Code Examples

Futhark still lacks many of the syntactical niceties that one might desire in a programming language. Therefore, the examples here are more verbose than ideal. Still, they should provide a taste of what (simple) Futhark programs look like. If you have ideas for syntax improvements, you can always contribute! For more examples, you can check the examples directory in the Futhark repository, or at our implemented benchmarks.

As Futhark is a functional language, we will start with the obligatory factorial program:

let fact (n: i32): i32 = reduce (*) 1 (map (1+) (iota n))

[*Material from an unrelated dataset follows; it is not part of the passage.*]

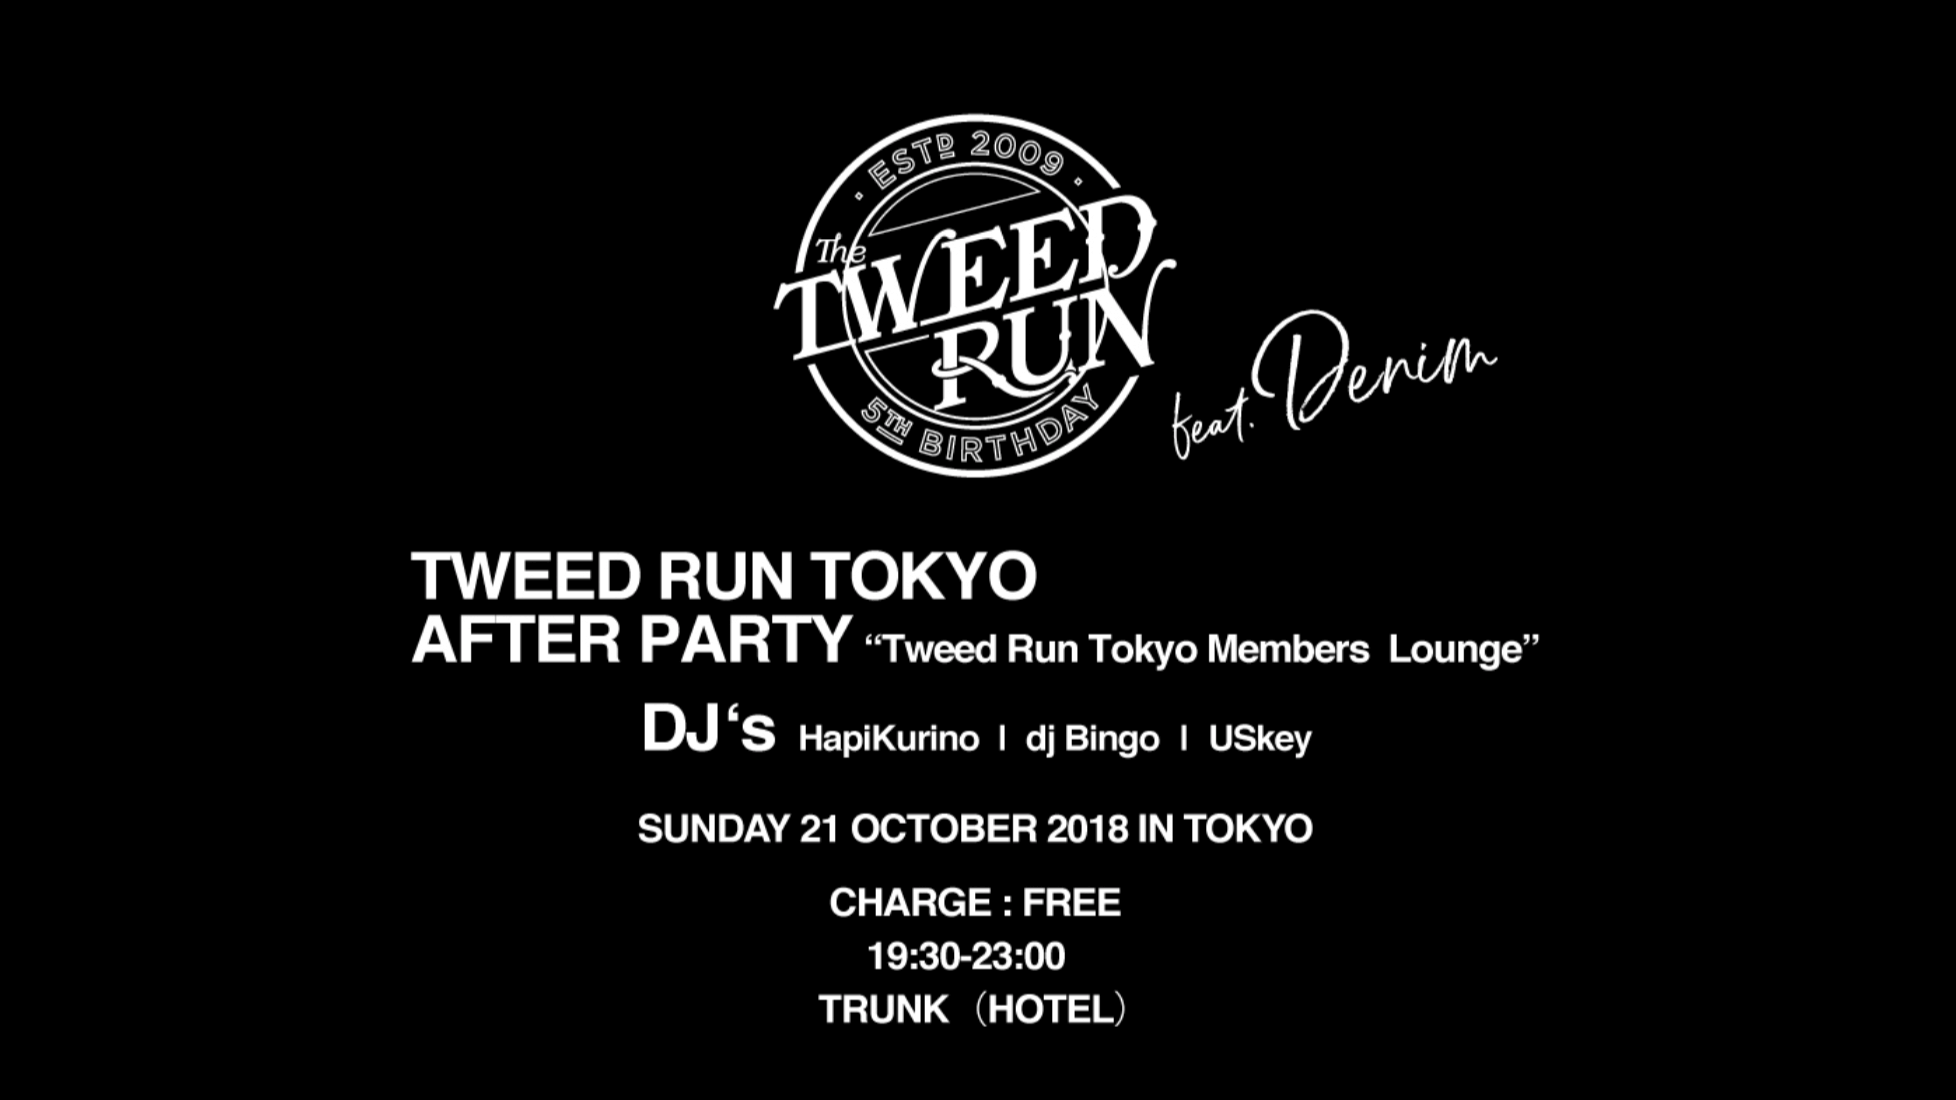 TWEED RUN TOKYO AFTER PARTY

let main (n: i32): i32 = fact n

The function call fact n creates an array of the integers 0..n-1, adds one to each element of the array, then computes the product of all elements in the array. The Futhark compiler employs loop fusion to remove the need for any of these temporary arrays to be actually created. Technically fact n does not compute n!, but rather n! mod 2**32, as i32s are 32 bit in size and will rapidly overflow for large n.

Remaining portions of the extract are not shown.